++++ Given information ++++
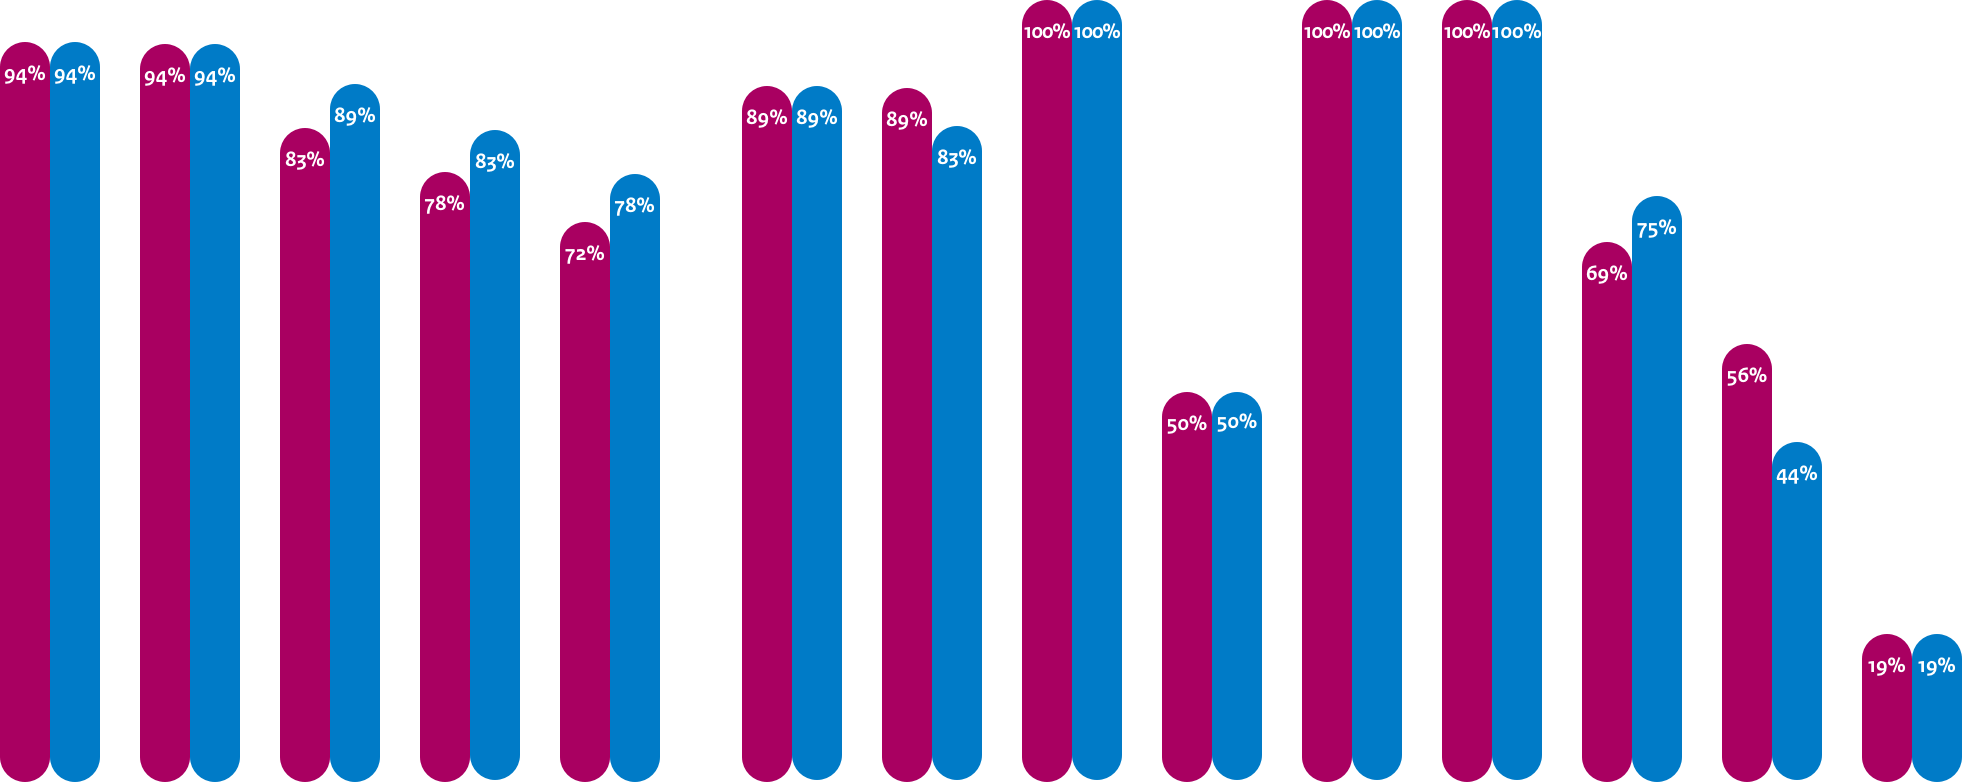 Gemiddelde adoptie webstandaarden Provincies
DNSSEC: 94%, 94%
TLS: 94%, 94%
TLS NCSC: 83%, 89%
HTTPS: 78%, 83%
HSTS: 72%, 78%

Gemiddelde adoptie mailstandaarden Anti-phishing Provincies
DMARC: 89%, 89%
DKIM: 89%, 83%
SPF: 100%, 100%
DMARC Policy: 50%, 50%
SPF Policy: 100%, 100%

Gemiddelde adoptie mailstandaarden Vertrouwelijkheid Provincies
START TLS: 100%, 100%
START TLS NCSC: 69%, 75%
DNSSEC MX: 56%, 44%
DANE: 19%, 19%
++++
Reproduce all of the entries word for word, skipping any pictures they hold.

 Gemiddelde adoptie webstandaarden Provincies
DNSSEC: 94%, 94%
TLS: 94%, 94%
TLS NCSC: 83%, 89%
HTTPS: 78%, 83%
HSTS: 72%, 78%

Gemiddelde adoptie mailstandaarden Anti-phishing Provincies
DMARC: 89%, 89%
DKIM: 89%, 83%
SPF: 100%, 100%
DMARC Policy: 50%, 50%
SPF Policy: 100%, 100%

Gemiddelde adoptie mailstandaarden Vertrouwelijkheid Provincies
START TLS: 100%, 100%
START TLS NCSC: 69%, 75%
DNSSEC MX: 56%, 44%
DANE: 19%, 19%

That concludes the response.